Pac-12 football: Ducks have no trouble with Luck

By Antonio Gonzalez

Associated Press

Published: Sunday, Nov. 13 2011 12:58 a.m. MST

Stanford cornerback Johnson Bademosi, right, breaks up a pass for Oregon wide receiver Lavasier Tuinei during the first quarter of an NCAA college football game in Stanford, Calif. Saturday, Nov. 12, 2011. (AP Photo/Tony Avelar)

Associated Press

STANFORD, Calif. — LaMichael James made one defender slip, then another. He cut back, sprinted through a seam and burst into the open field, taking large chunks of yards — and grass — all the way to the end zone.

No turf? No problem for the Quack Attack.

James ran for 146 yards and three touchdowns and No. 6 Oregon blew past third-ranked Stanford 53-30 on Saturday night, giving Andrew Luck's Heisman Trophy campaign a blemish and taking a giant step toward hosting the inaugural Pac-12 championship.

"We were slipping. They were slipping. I just ran fast," James said.

Too fast for Stanford — again.

James ran for scores from 1, 4 and 58 yards and had Stanford (9-1, 7-1) defenders slipping all over a slick field. The Ducks (9-1, 7-0) ended the nation's best winning streak at 17 games — which the Cardinal began after a loss in Eugene more than a year ago — and can clinch the league's North Division crown over Stanford with a win in one of their final two games.

"It's pretty cool. They always look down on us and then we come out and just play our game," Oregon defensive end Terrell Turner said. "That's what we want to do. Play our game and just shock people."

The Ducks have no problems with Luck.

Luck threw for 271 yards and three touchdowns with two interceptions and a fumble. Stanford had five total turnovers and lost its grip — and footing — for the first time all season.

Oregon's no-huddle, spread-option ended any hopes of Stanford's first national championship. Instead, the Ducks are suddenly back in the BCS title mix after rolling off their ninth straight victory — and first against a top-five team on the road team — since a season-opening loss against top-ranked LSU.

"It means nothing until the first week of December," Oregon coach Chip Kelly said. "We've lost one. We lose two we're not even in the discussion."

Darron Thomas threw for 155 yards and three touchdowns to anchor one big-play burst after another. He tossed scores of 59 yards to Josh Huff and 41 yards to De'Anthony Thomas to leave sold-out Stanford Stadium stunned and silent.

The Cardinal did little with the few mistakes Oregon made.

James muffed a punt that and gave Stanford a chance at the Oregon 34. The Ducks quickly stifled Stanford again, and Eric Whitaker missed a 48-yard field badly right.

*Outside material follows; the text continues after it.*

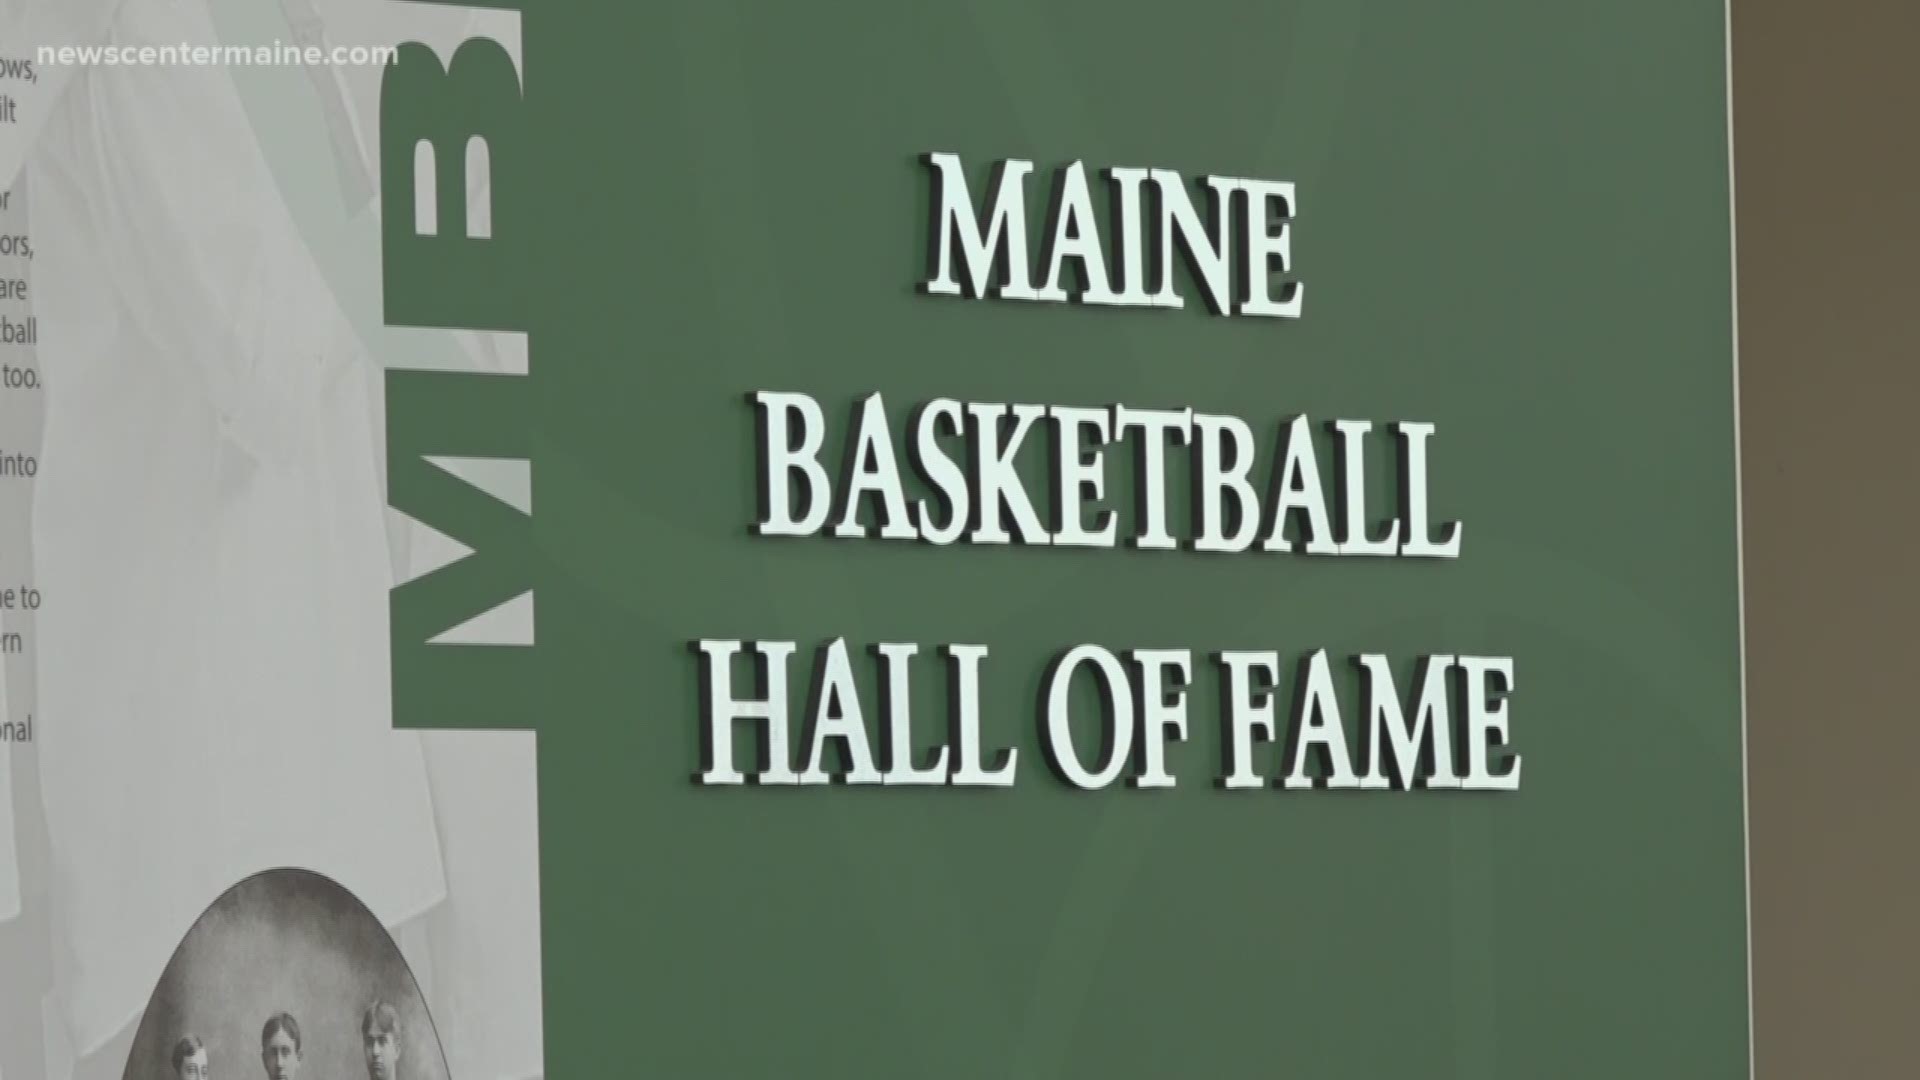 This year's class for the Maine Basketball Hall of Fame included 16 new people.

When the Cardinal got the ball back, Isaac Remington smashed Luck and forced the quarterback to fumble. Oregon recovered and James followed with a 4-yard score on fourth-and-2 to give the Ducks a commanding 36-16 lead in the third quarter.

All the Luck in the world couldn't bring Stanford back.

The two offenses traded scores until Boseko Lokombo intercepted a pass by Luck and returned it 40 yards for a touchdown to give the Ducks a 53-30 lead. Luck dived for the tackle at the goal line and got planted in the grass.

Too late again.

"I knew it wasn't going to be a cake walk," said Luck, who turned down a chance to be the NFL's No. 1 pick last April in hopes of leading Stanford to a league championship and maybe even a national title. "I had no grand illusions of just showing up and things just falling for our team because we just show up on Saturdays. We still have football left. For that I'm grateful. Hopefully more games after the conference season is over. There's still goals out there for us to accomplish."

While a pair of the nation's highest-scoring offenses showed imperfections, Oregon pounced on the mistakes and ran away with points each time.